*** Record set ***

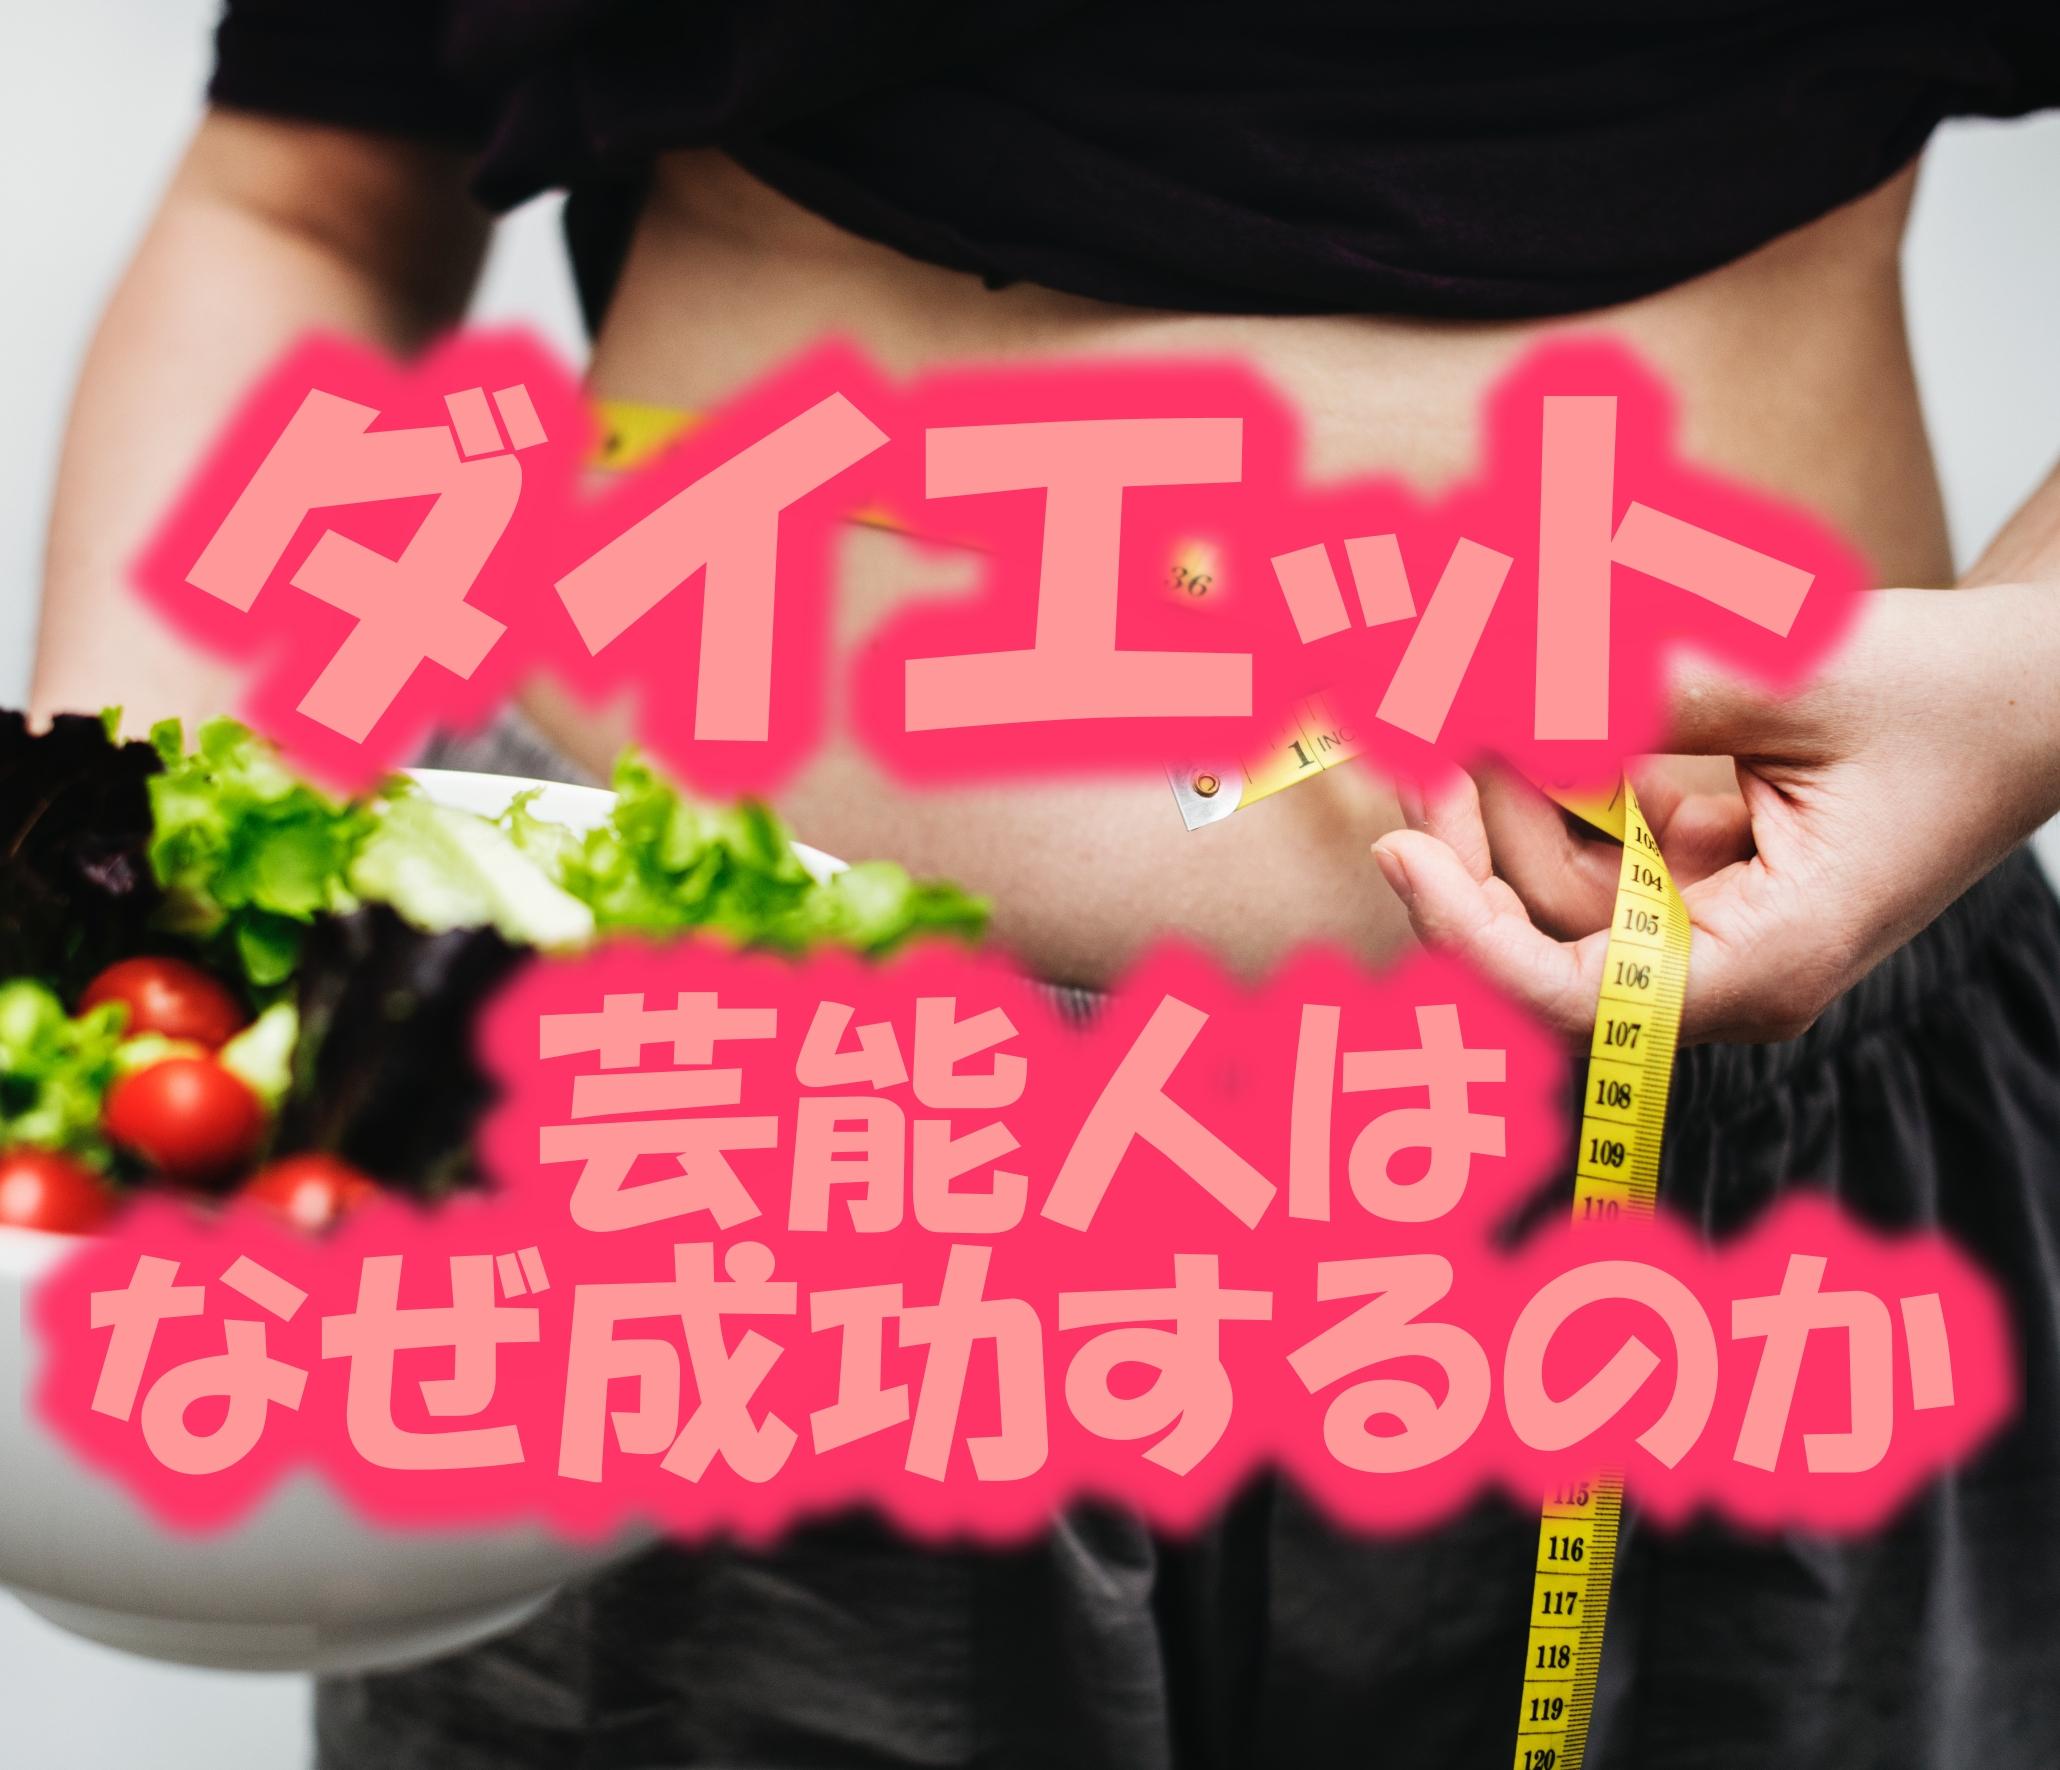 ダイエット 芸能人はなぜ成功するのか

***
*** Record set ***

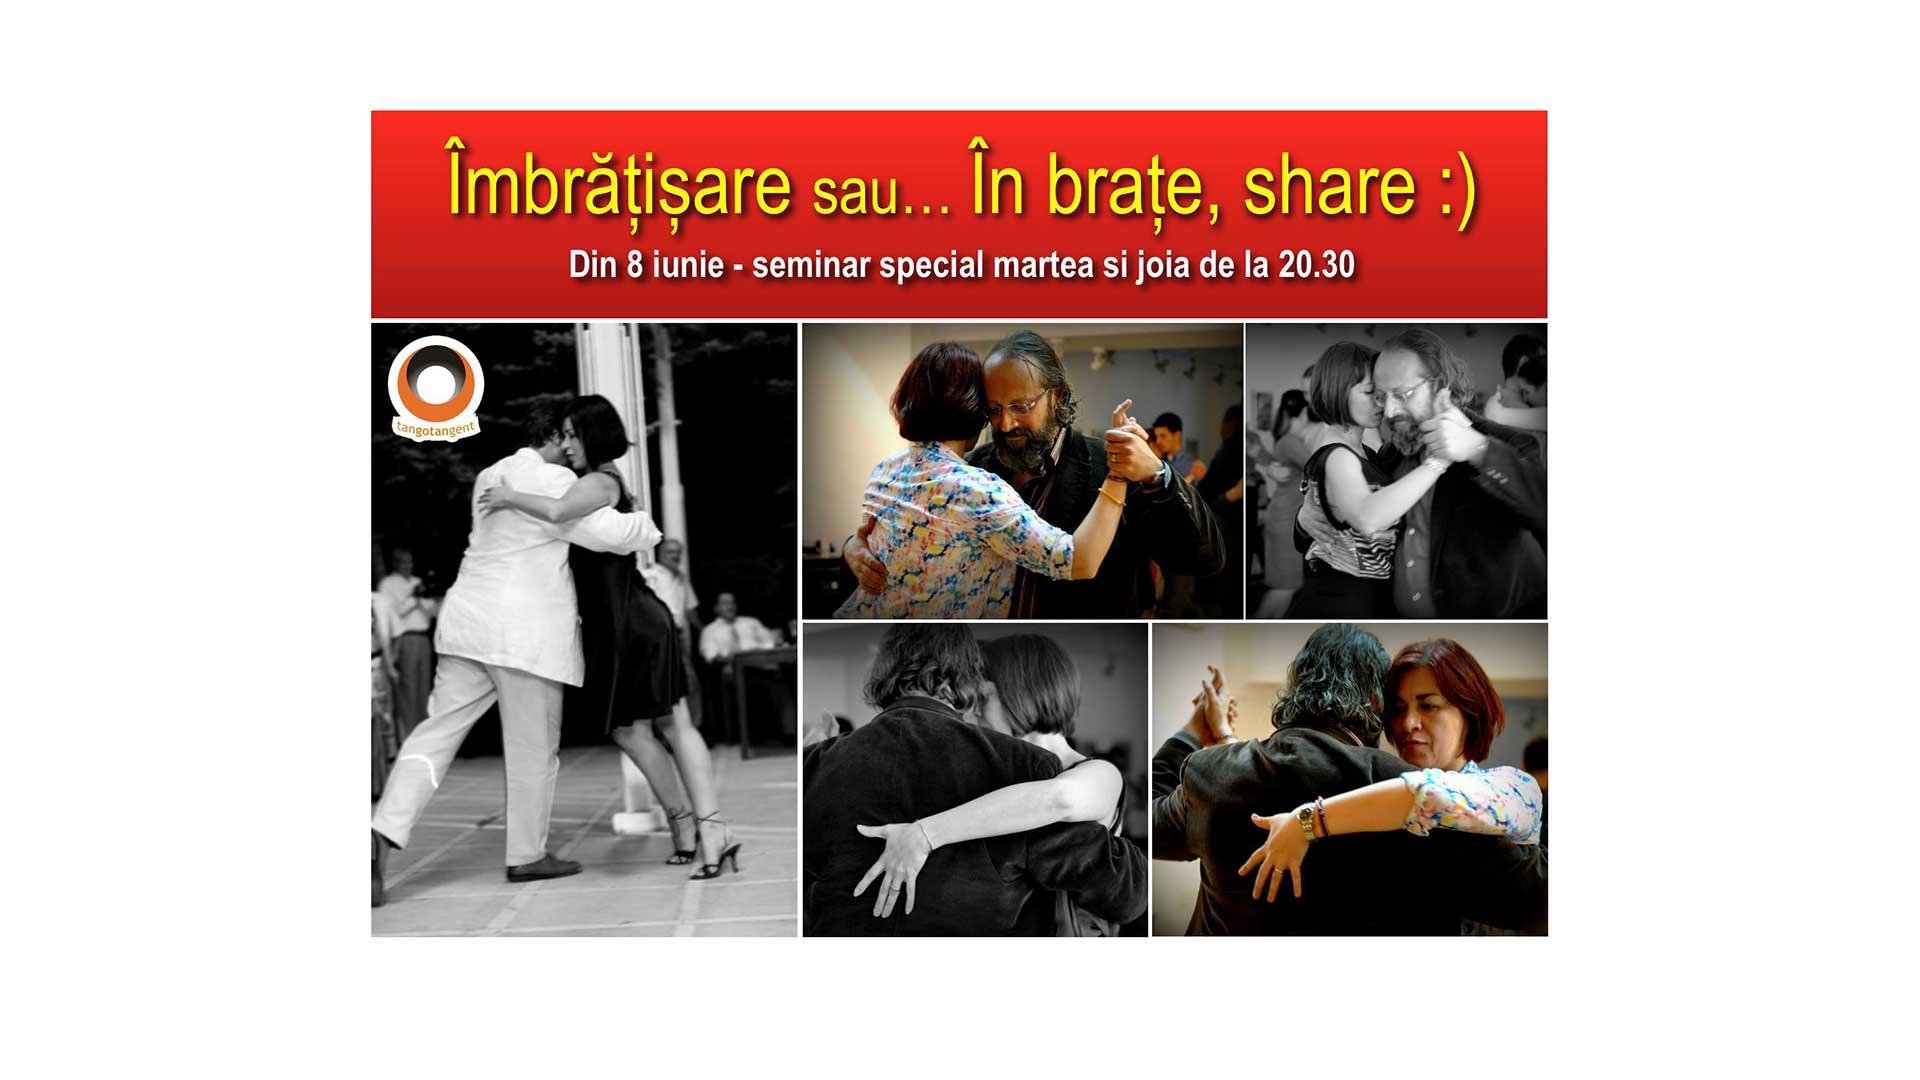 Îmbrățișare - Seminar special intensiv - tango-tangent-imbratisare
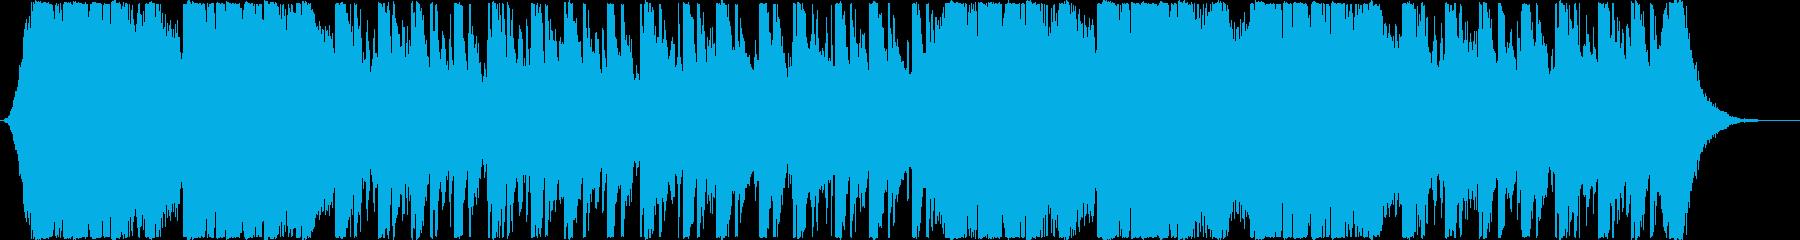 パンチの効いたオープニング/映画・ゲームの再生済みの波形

***

Exercise requirements
From the material above, output only the span of lines that starts at the one containing "Îmbrățișare - Seminar" and finishes at the one containing "パンチの効いたオープニング/映画・ゲームの再生済みの波形", word for word and free of pictures.

Result of this task
 Îmbrățișare - Seminar special intensiv - tango-tangent-imbratisare
 パンチの効いたオープニング/映画・ゲームの再生済みの波形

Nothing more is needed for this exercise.